[Task description] Take the lines below between the one holding "В Италии станет" and the one holding "Lego City - Camion de recyclage", inclusive, and copy them exactly. Add nothing.

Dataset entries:
§ §

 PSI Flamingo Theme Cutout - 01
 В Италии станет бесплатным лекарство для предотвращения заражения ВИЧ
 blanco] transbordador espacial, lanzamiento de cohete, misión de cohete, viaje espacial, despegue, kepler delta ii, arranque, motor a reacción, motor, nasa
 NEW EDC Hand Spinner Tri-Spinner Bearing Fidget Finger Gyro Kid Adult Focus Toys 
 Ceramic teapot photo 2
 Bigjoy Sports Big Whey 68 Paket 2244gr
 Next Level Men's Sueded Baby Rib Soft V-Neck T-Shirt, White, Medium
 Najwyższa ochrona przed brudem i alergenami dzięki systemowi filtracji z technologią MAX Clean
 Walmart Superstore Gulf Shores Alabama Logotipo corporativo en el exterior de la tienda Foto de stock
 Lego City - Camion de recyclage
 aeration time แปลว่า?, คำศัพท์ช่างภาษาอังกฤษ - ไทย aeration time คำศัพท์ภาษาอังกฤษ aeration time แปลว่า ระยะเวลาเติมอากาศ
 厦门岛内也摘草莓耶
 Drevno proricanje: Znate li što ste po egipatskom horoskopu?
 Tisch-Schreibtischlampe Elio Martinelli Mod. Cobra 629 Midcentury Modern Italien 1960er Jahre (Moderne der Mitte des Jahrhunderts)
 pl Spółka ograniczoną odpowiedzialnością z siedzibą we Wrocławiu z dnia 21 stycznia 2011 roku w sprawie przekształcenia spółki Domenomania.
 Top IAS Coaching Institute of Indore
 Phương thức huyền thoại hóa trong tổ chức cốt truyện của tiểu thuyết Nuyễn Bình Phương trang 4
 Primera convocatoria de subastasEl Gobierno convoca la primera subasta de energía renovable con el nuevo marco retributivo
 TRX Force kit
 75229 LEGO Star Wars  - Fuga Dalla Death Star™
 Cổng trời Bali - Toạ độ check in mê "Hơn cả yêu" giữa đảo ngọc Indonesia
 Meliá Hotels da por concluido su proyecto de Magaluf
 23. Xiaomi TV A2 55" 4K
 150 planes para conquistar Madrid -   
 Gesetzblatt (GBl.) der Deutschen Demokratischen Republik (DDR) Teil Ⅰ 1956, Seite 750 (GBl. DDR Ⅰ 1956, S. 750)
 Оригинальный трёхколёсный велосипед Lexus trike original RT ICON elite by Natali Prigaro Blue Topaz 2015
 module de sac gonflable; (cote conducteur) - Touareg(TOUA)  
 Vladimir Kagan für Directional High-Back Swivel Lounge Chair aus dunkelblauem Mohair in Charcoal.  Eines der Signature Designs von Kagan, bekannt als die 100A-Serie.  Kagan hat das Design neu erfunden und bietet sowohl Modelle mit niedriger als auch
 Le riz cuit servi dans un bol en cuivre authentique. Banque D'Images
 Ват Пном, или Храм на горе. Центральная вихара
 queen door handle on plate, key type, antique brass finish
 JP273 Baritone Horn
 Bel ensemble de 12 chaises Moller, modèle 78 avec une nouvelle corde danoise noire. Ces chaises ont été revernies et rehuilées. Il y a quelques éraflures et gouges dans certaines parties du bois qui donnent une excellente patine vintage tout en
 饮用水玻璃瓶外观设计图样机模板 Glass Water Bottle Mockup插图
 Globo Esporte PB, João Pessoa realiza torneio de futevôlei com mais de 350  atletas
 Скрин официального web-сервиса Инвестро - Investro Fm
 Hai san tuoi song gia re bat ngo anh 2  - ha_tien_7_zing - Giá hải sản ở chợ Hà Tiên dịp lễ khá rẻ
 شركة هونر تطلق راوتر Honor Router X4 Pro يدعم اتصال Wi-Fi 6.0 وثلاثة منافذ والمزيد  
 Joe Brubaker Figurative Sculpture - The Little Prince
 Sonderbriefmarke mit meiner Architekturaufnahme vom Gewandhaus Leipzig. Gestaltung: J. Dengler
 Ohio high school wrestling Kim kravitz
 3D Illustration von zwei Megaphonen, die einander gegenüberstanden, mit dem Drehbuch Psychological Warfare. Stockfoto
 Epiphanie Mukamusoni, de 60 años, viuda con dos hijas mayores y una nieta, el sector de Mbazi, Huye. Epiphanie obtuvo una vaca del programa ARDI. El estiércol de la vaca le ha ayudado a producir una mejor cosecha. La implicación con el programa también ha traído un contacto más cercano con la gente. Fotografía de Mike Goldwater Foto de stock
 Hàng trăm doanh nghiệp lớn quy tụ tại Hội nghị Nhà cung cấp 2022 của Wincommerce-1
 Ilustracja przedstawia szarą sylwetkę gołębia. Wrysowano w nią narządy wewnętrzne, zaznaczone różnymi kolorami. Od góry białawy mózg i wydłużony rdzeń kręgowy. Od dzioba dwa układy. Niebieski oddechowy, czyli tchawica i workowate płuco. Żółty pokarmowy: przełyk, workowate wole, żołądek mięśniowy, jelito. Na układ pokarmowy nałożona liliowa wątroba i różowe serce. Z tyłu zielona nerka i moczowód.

§ §

[Written solution]
 В Италии станет бесплатным лекарство для предотвращения заражения ВИЧ
 blanco] transbordador espacial, lanzamiento de cohete, misión de cohete, viaje espacial, despegue, kepler delta ii, arranque, motor a reacción, motor, nasa
 NEW EDC Hand Spinner Tri-Spinner Bearing Fidget Finger Gyro Kid Adult Focus Toys 
 Ceramic teapot photo 2
 Bigjoy Sports Big Whey 68 Paket 2244gr
 Next Level Men's Sueded Baby Rib Soft V-Neck T-Shirt, White, Medium
 Najwyższa ochrona przed brudem i alergenami dzięki systemowi filtracji z technologią MAX Clean
 Walmart Superstore Gulf Shores Alabama Logotipo corporativo en el exterior de la tienda Foto de stock
 Lego City - Camion de recyclage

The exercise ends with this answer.